Usage (Python 3):
python generate_numbers.py
Typical output:
Best sequence with a length of 25 and a number pool with size 5:
[3 5 1 3 4 1 2 3 1 3 2 3 2 5 4 3 1 4 2 3 4 5 1 3 4]
Flaws of this sequence:
1 directly mirrored patterns (e.g. 1 2 3 2 1)
3 steadly increasing or decreasing series (e.g. 1 2 3)
29 repeating sub-patterns (e.g. 1 2 3 1 2)
Total score: 4.39 (zero would be ideal)
External dependencies:
- tqdm (optional - for the progress bar)
- numpy (obligatory - for all the math)
When drawing from a small pool of choices, random number generators can randomly generate meaningful shapes.
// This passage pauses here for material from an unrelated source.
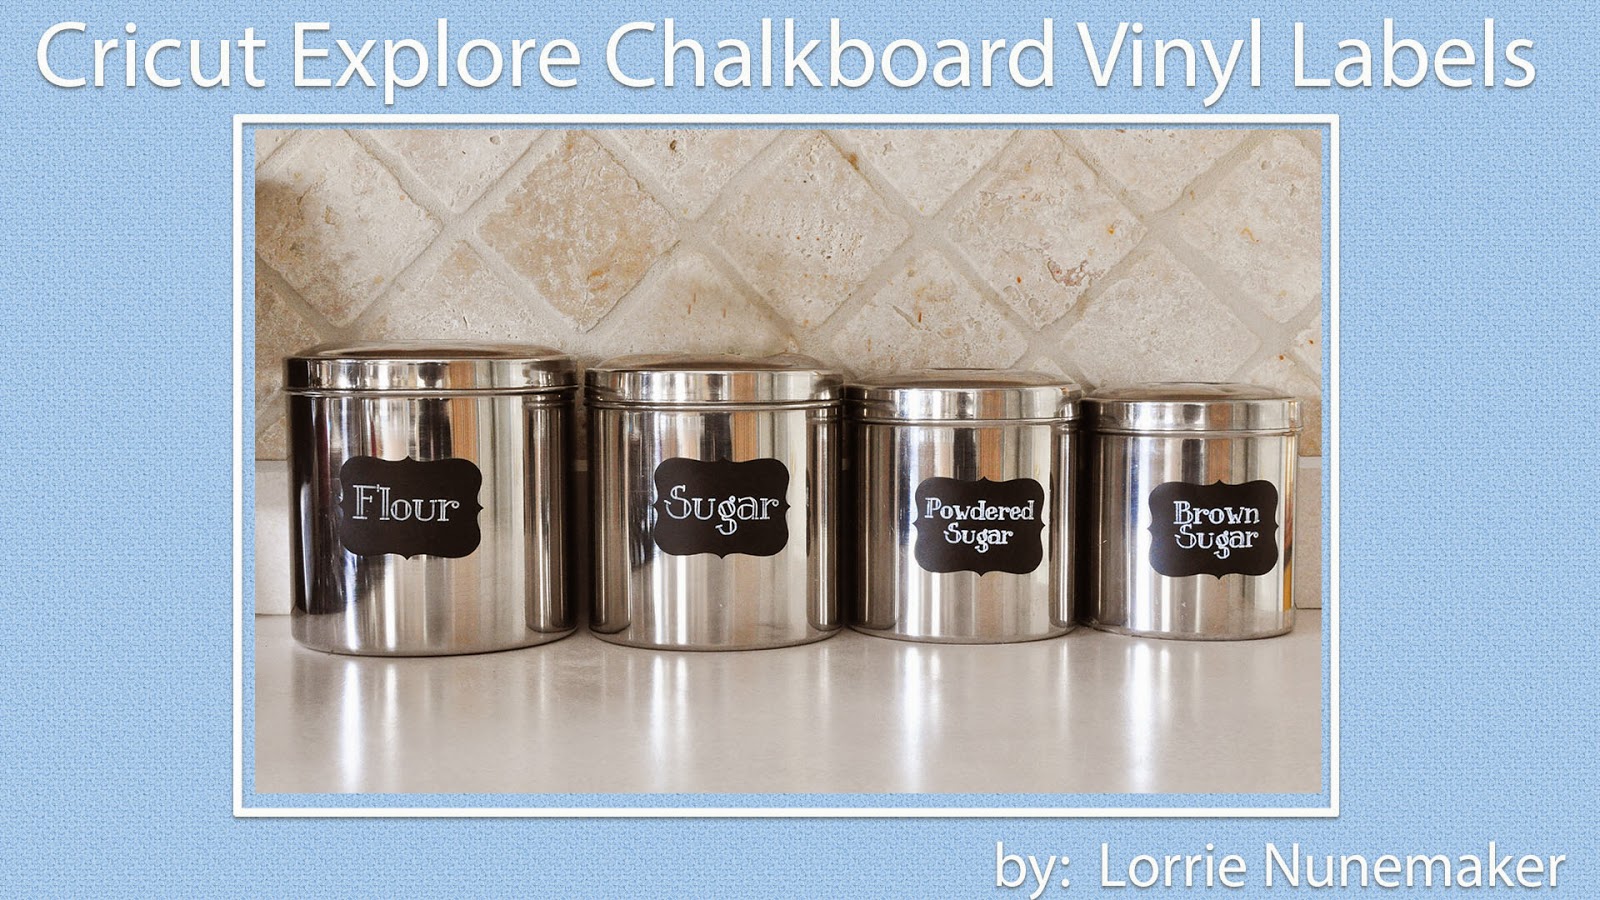 Lorrie's Story: Chalkboard Vinyl Kitchen Labels with the Cricut Explore

For example, I'll produce a patch of random colors:
[Python]
import numpy as np
from PIL import Image
a = np.random.rand(3,30,3)
i = Image.fromarray(a, mode='RGB').save('r.png')
[Terminal]
magick convert r.png -colors 5 -scale 1000% random_colors_30x3.png
This supposedly random patch clearly shows some non-random features. I can see
- three Tetris blocks:
- two checkerboard patterns:
- five L-shapes:
- five vertical lines that suspiciously all start in the top row:
After removing just the most obvious patterns, we're left with only 41 pixels that a regular human would described as "random". That's less than half of the original pattern.
This problem is typical for all types of random number generation that draws from a small pool of possibilities. For example, here's ten random numbers between 1 and 10:
np.random.randint(1,10,10)
[6,9,9,7,8,4,8,8,8,3]
The core of this problem isn't that random generators are bad, it's that humans are too good at finding patterns in random noise. That's why I built something that avoids these patterns.
In simple terms, the code does this:
- generate a sequence of random numbers
- try to find all human-readable pattern
- try to find out how visible these patterns are to a human
- calculate a penalty value for these patterns
- repeat from the top a few hundred times
- print the sequence with the lowest penalty value
In more detail, there are three different pattern recognition algorithms.
8 2 6 2 4 3 6 9 5 2
Note that this algorithm currently only detects patterns with a length of three. Detection of a mirrored pattern with arbitrary length requires a different approach.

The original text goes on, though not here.